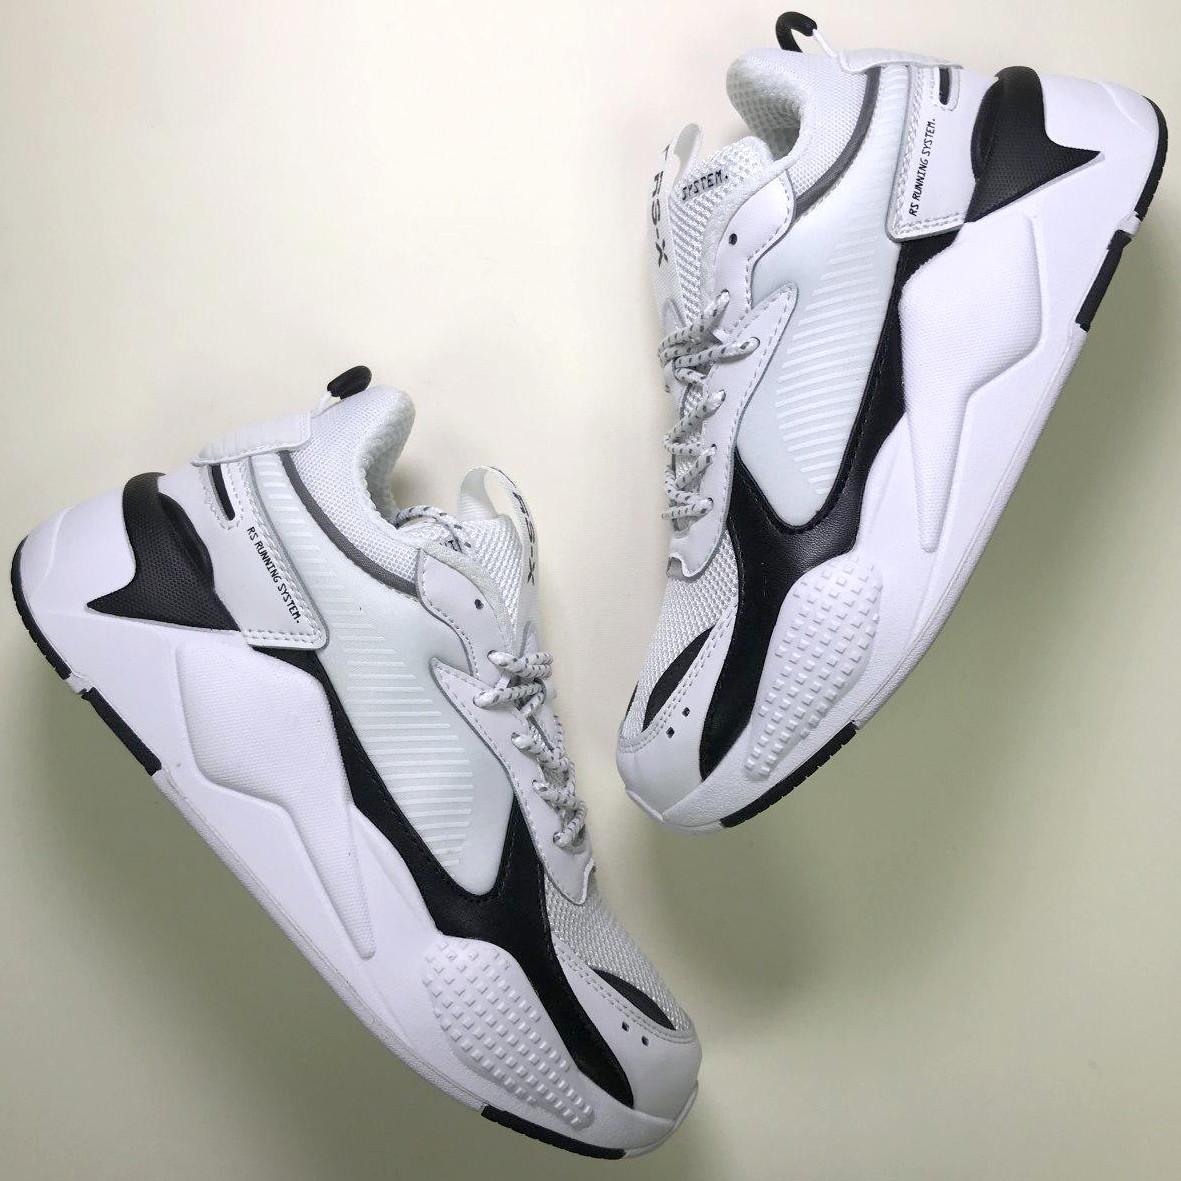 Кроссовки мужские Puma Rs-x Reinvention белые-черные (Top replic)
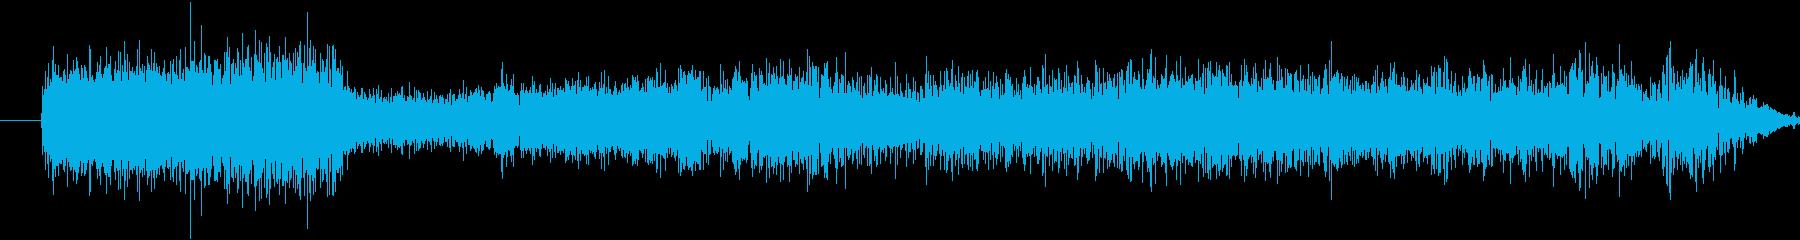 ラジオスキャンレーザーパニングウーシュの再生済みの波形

* * *

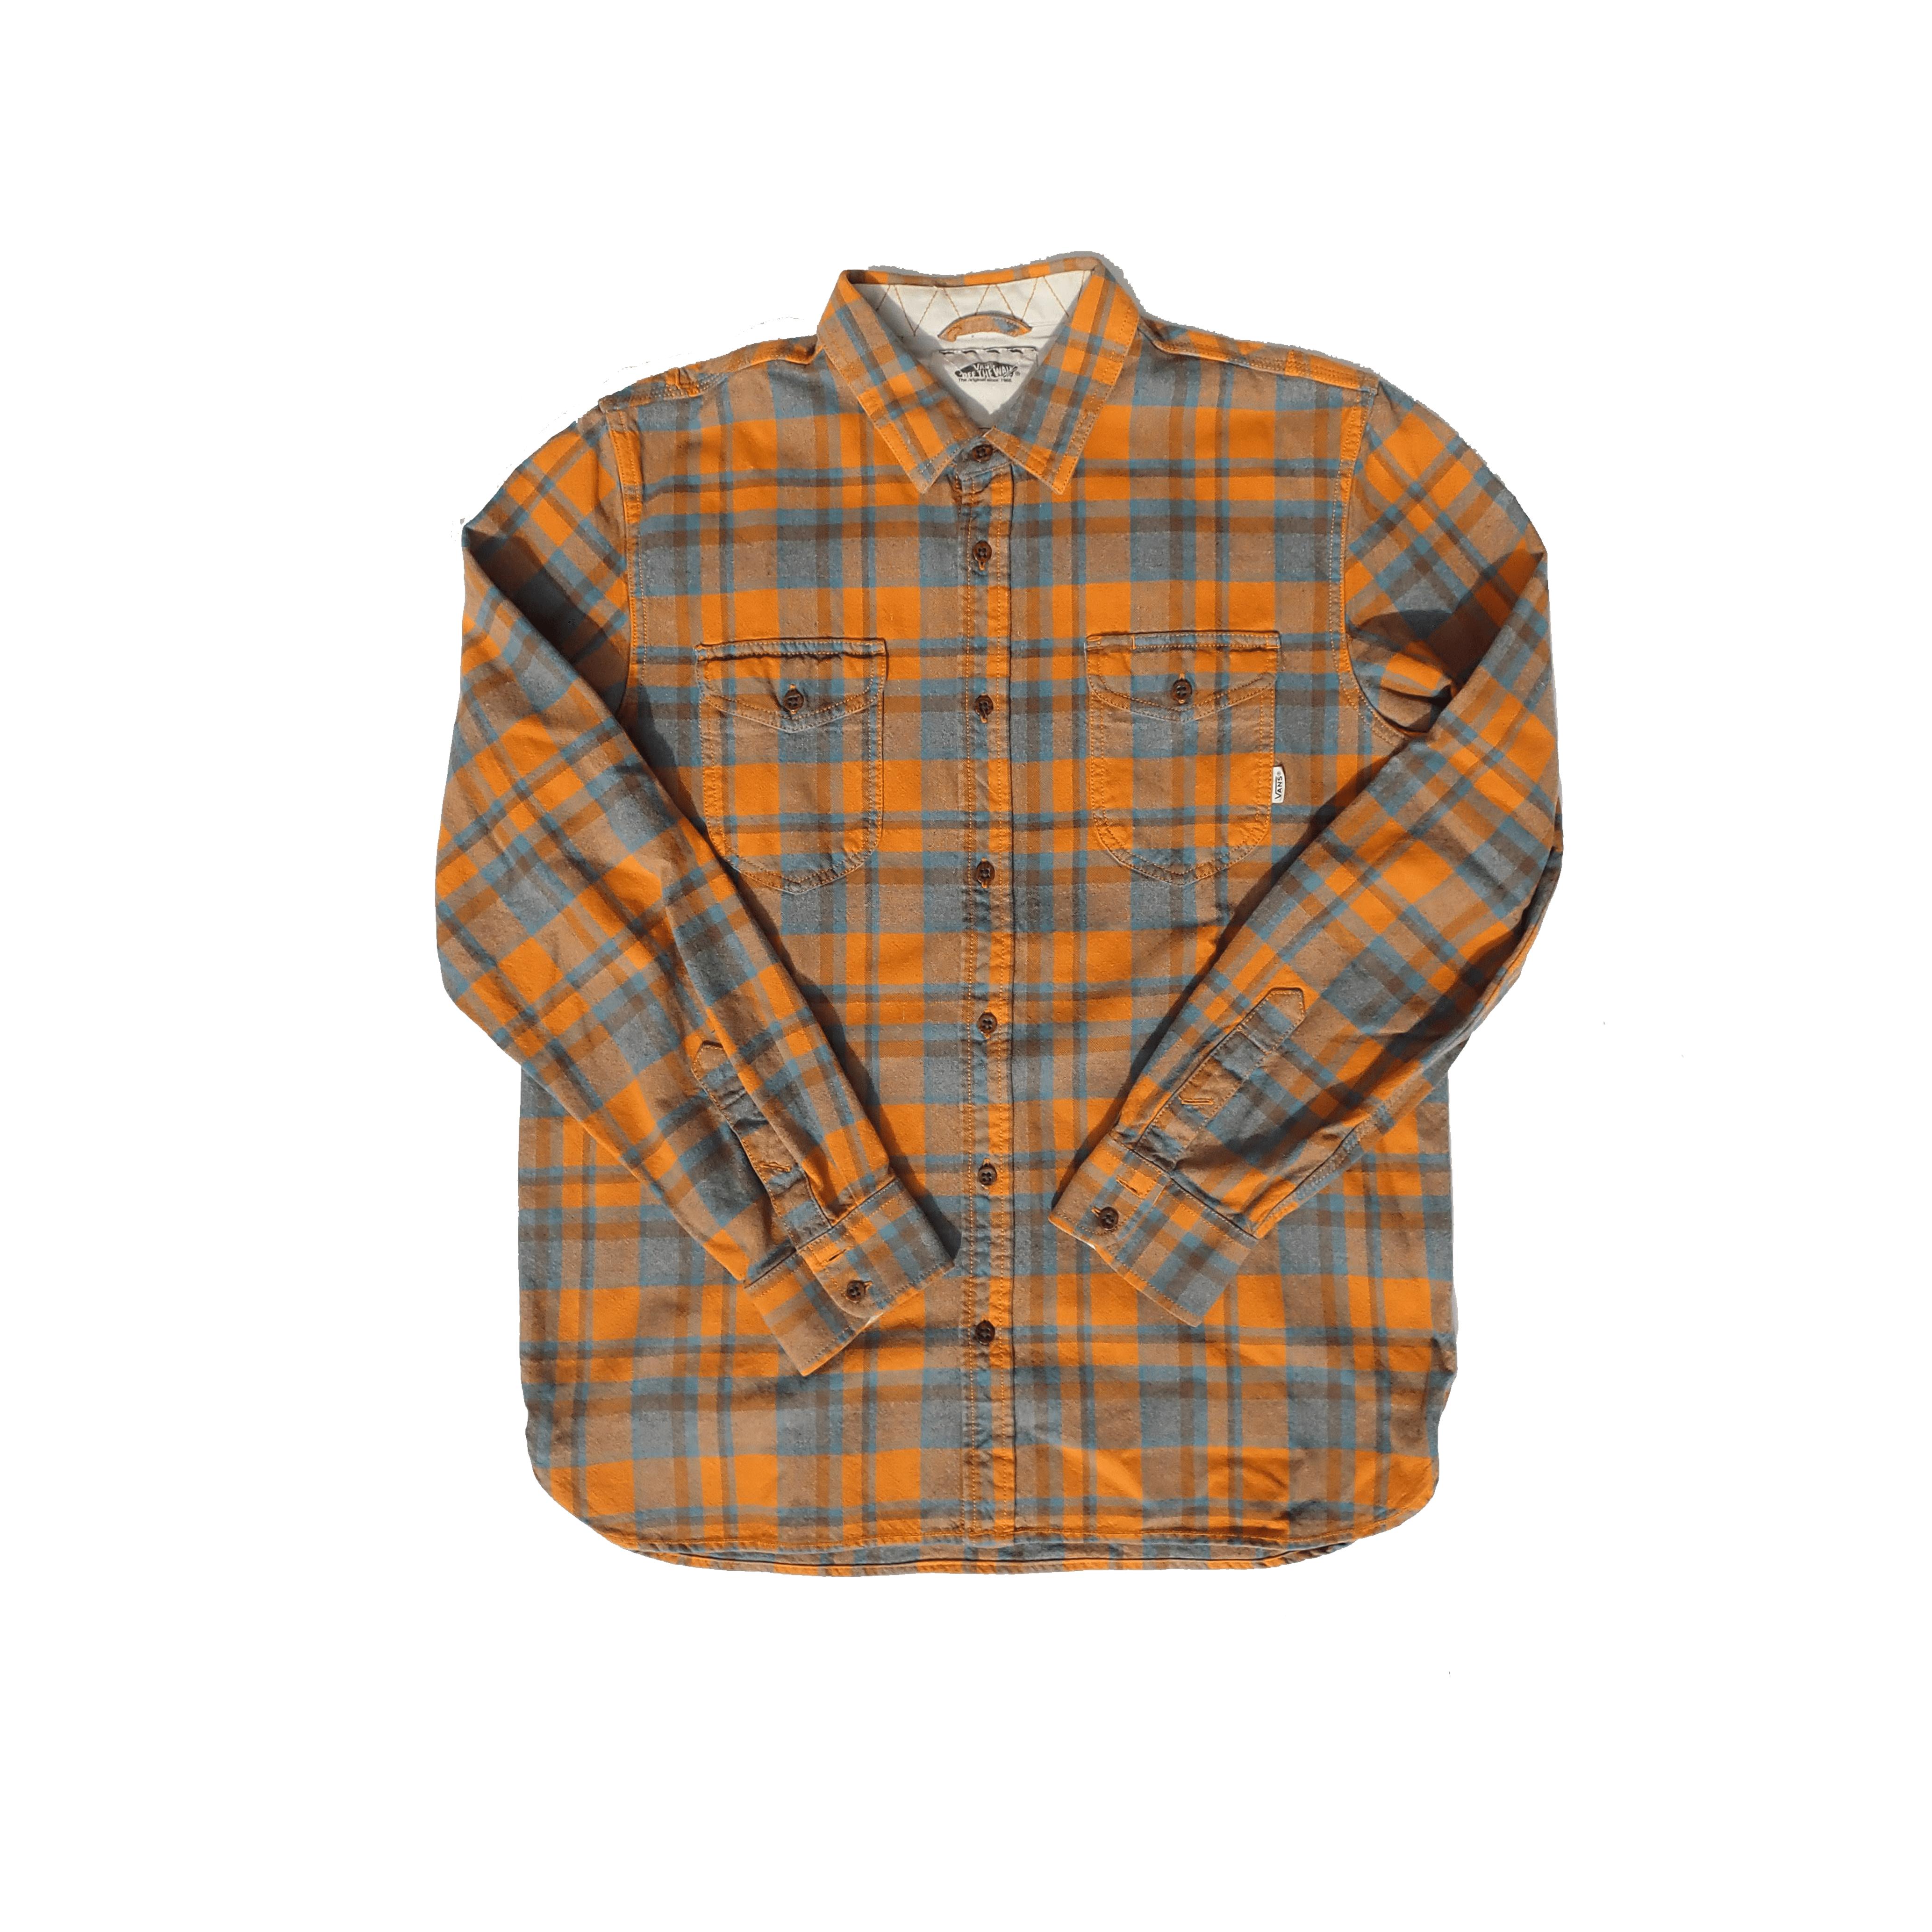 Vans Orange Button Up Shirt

Exercise instructions: Only the lines of the listing above from the one with "Кроссовки мужские Puma" through the one with "ラジオスキャンレーザーパニングウーシュの再生済みの波形" should be output, exactly, with both ends kept and pictures left out.

Completed exercise:
 Кроссовки мужские Puma Rs-x Reinvention белые-черные (Top replic)
 ラジオスキャンレーザーパニングウーシュの再生済みの波形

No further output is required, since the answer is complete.